Open source wordt het leidende principe bij het gebruik van inlogmiddelen waarmee burgers en bedrijven straks veilig kunnen inloggen bij de overheid. Staatssecretaris Van Huffelen (Digitalisering) zorgt ervoor dat rond de uitvoering van de Wet digitale overheid een community komt.
Bij inlog-middelen wordt volop ingezet op open source-softwarecomponenten. Van Huffelen: ‘Daar waar dat kan, wordt gewerkt met open data, open algoritmen en open beleidsregels.’ Per component van de inlog-dienstverlening wordt besloten of en wanneer een component open source moet zijn.
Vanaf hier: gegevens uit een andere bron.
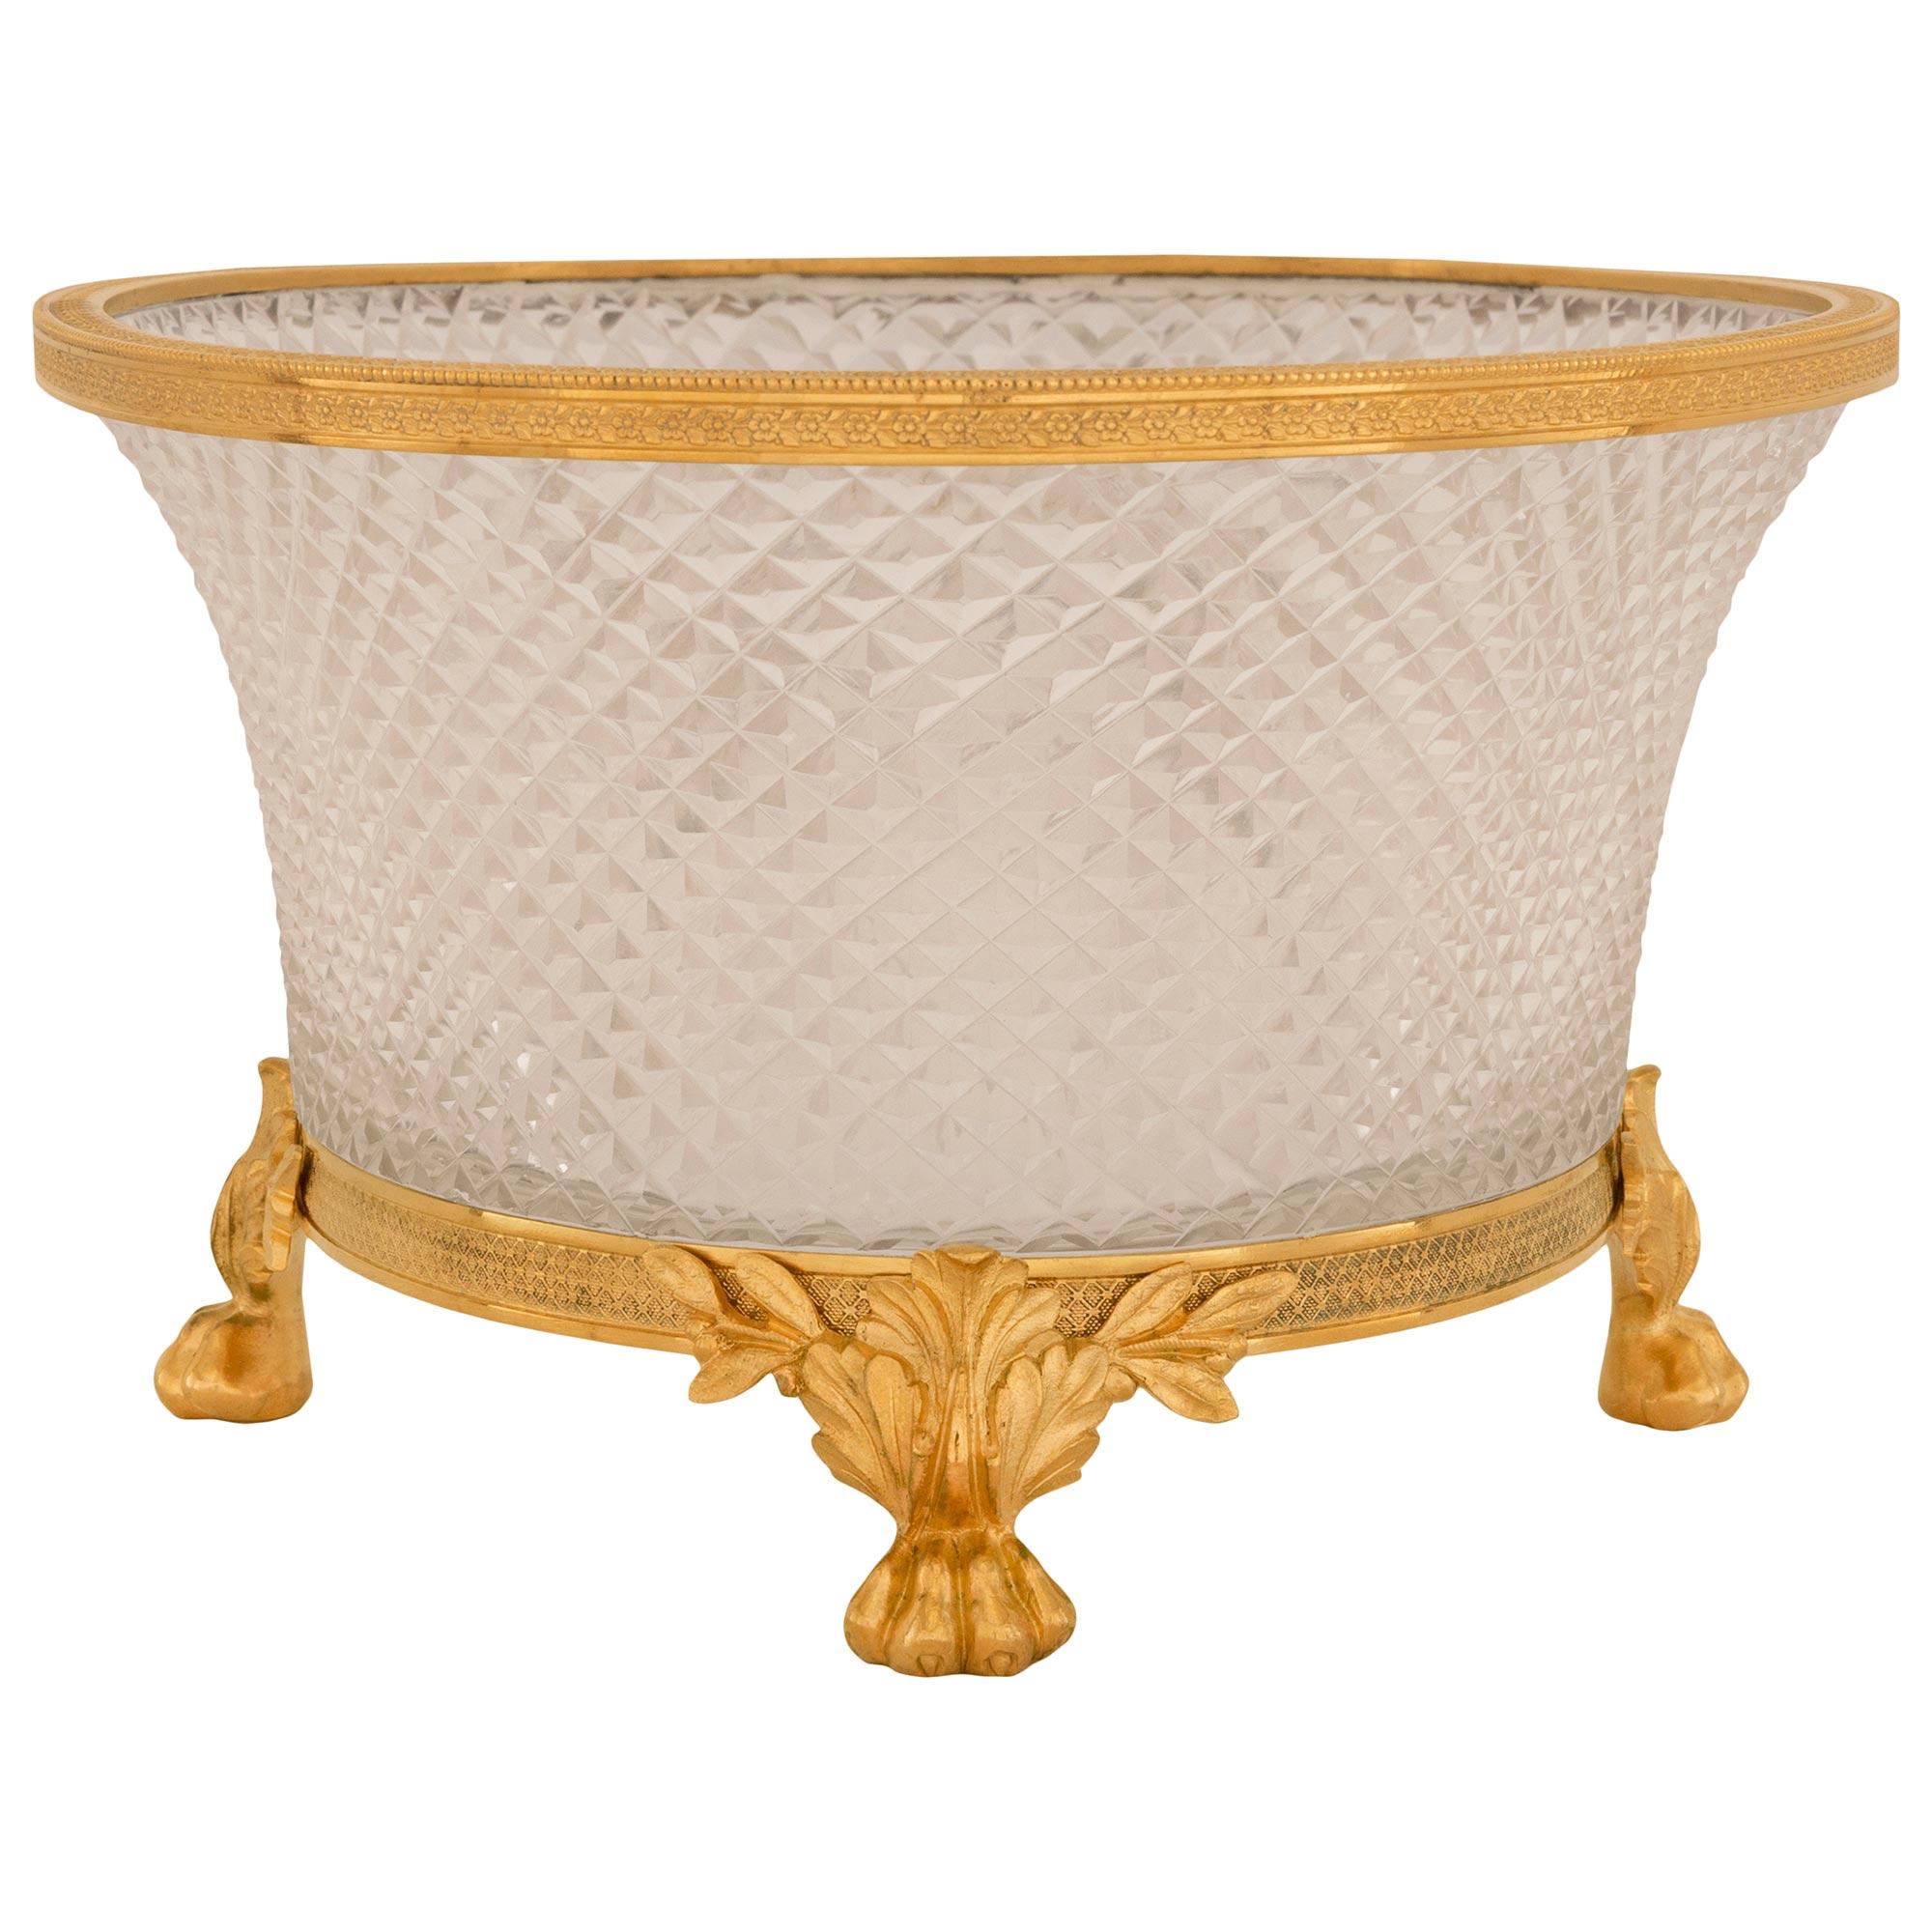 French 19th Century Belle Époque Period Baccarat Crystal and Ormolu Centerpiece 1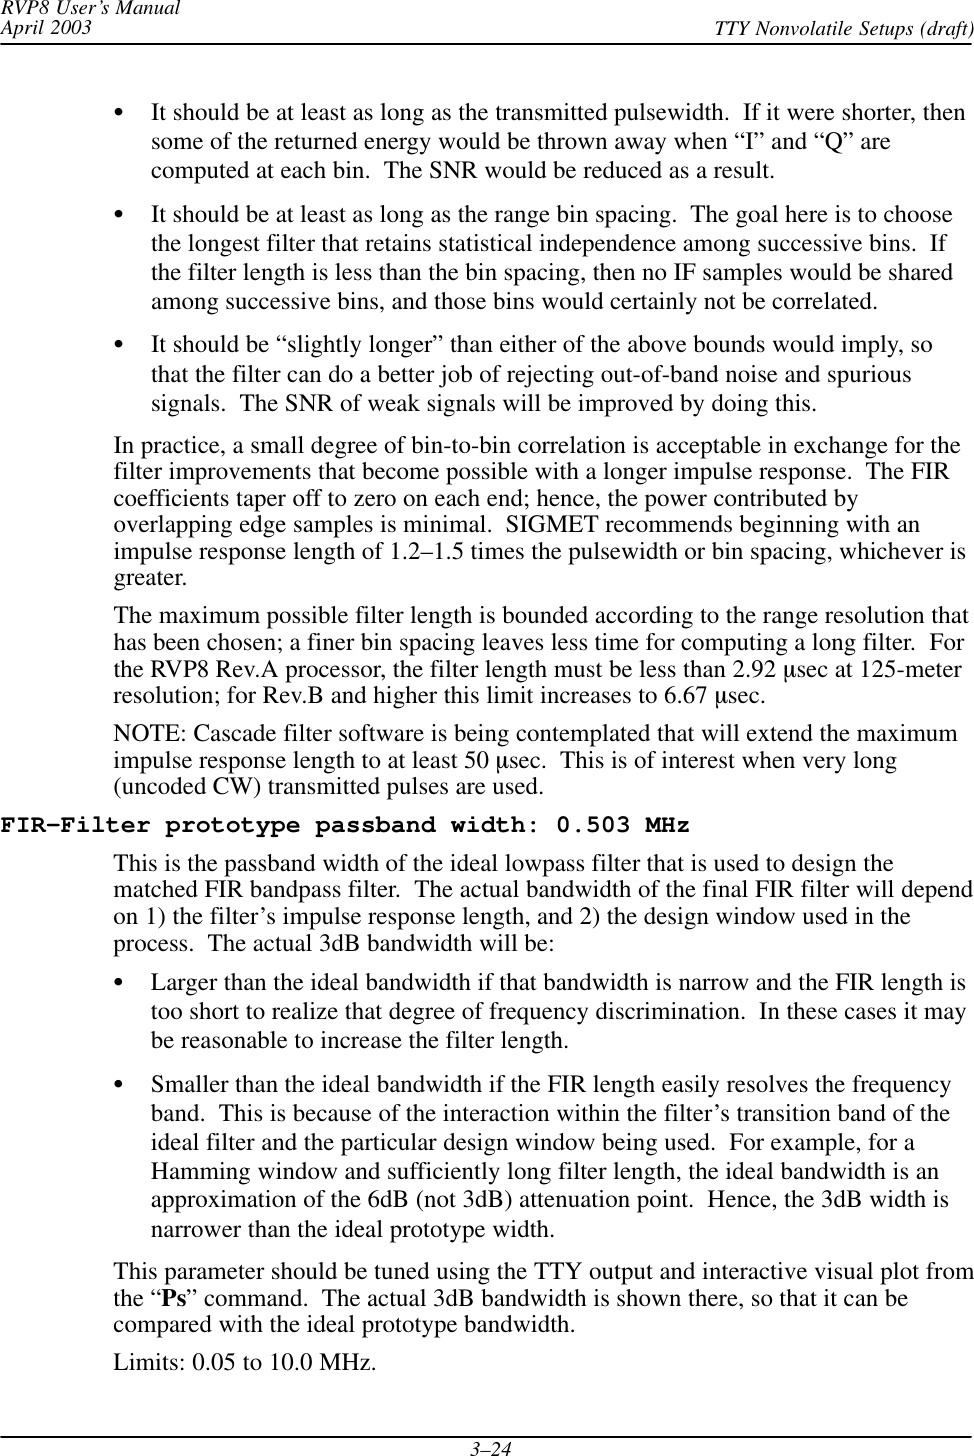 RVP8 User’s ManualApril 2003 TTY Nonvolatile Setups (draft)3–24It should be at least as long as the transmitted pulsewidth.  If it were shorter, thensome of the returned energy would be thrown away when “I” and “Q” arecomputed at each bin.  The SNR would be reduced as a result.It should be at least as long as the range bin spacing.  The goal here is to choosethe longest filter that retains statistical independence among successive bins.  Ifthe filter length is less than the bin spacing, then no IF samples would be sharedamong successive bins, and those bins would certainly not be correlated.It should be “slightly longer” than either of the above bounds would imply, sothat the filter can do a better job of rejecting out-of-band noise and spurioussignals.  The SNR of weak signals will be improved by doing this.In practice, a small degree of bin-to-bin correlation is acceptable in exchange for thefilter improvements that become possible with a longer impulse response.  The FIRcoefficients taper off to zero on each end; hence, the power contributed byoverlapping edge samples is minimal.  SIGMET recommends beginning with animpulse response length of 1.2–1.5 times the pulsewidth or bin spacing, whichever isgreater.The maximum possible filter length is bounded according to the range resolution thathas been chosen; a finer bin spacing leaves less time for computing a long filter.  Forthe RVP8 Rev.A processor, the filter length must be less than 2.92 sec at 125-meterresolution; for Rev.B and higher this limit increases to 6.67 sec.NOTE: Cascade filter software is being contemplated that will extend the maximumimpulse response length to at least 50 sec.  This is of interest when very long(uncoded CW) transmitted pulses are used.FIR-Filter prototype passband width: 0.503 MHzThis is the passband width of the ideal lowpass filter that is used to design thematched FIR bandpass filter.  The actual bandwidth of the final FIR filter will dependon 1) the filter’s impulse response length, and 2) the design window used in theprocess.  The actual 3dB bandwidth will be:Larger than the ideal bandwidth if that bandwidth is narrow and the FIR length istoo short to realize that degree of frequency discrimination.  In these cases it maybe reasonable to increase the filter length.Smaller than the ideal bandwidth if the FIR length easily resolves the frequencyband.  This is because of the interaction within the filter’s transition band of theideal filter and the particular design window being used.  For example, for aHamming window and sufficiently long filter length, the ideal bandwidth is anapproximation of the 6dB (not 3dB) attenuation point.  Hence, the 3dB width isnarrower than the ideal prototype width.This parameter should be tuned using the TTY output and interactive visual plot fromthe “Ps” command.  The actual 3dB bandwidth is shown there, so that it can becompared with the ideal prototype bandwidth.Limits: 0.05 to 10.0 MHz.

Dit blijkt uit overleg dat de staatssecretaris heeft gevoerd met de vaste kamercommissie voor Digitale Zaken. Rondom alle activiteiten, of het nu bijvoorbeeld om de wallet, het algoritmeregister of inlogmiddelen gaat, worden mensen uit de buitenwereld betrokken. Van Huffelen gaat er op toezien dat die communities geen losse eilandjes zijn, maar onderling worden verbonden.
Broncode publiceren
Een redelijke overgangstermijn is nodig om de software om te zetten in open source. Burgers moeten over een inlogmiddel kunnen blijven beschikken in deze overgangsfase. Bij de ministeriële regeling wijst Van Huffelen softwarecomponenten van inlogmiddelen aan waarvan de broncode gepubliceerd moet zijn. Dit betreft de componenten die persoonsgegevens verwerken. Elke aanwijzing voorziet ze van een ingangsdatum. Vanaf dat moment moeten partijen die een erkenning aanvragen of al over een erkenning beschikken, voor dat component gebruikmaken van gepubliceerde broncode.
Het kabinet wil transparant zijn over de werking van inlogmiddelen. Zo is voor eenieder kenbaar hoe inlogmiddelen werken, en is daarmee controleerbaar hoe de verwerking van persoonsgegevens plaatsvindt. Dit doel wordt bereikt door de broncode te publiceren. Van belang is daarbij dat dit op een zodanige manier gebeurt dat deze broncode daadwerkelijk raadpleegbaar en controleerbaar is. De software die wordt gebruikt, moet transparant zijn.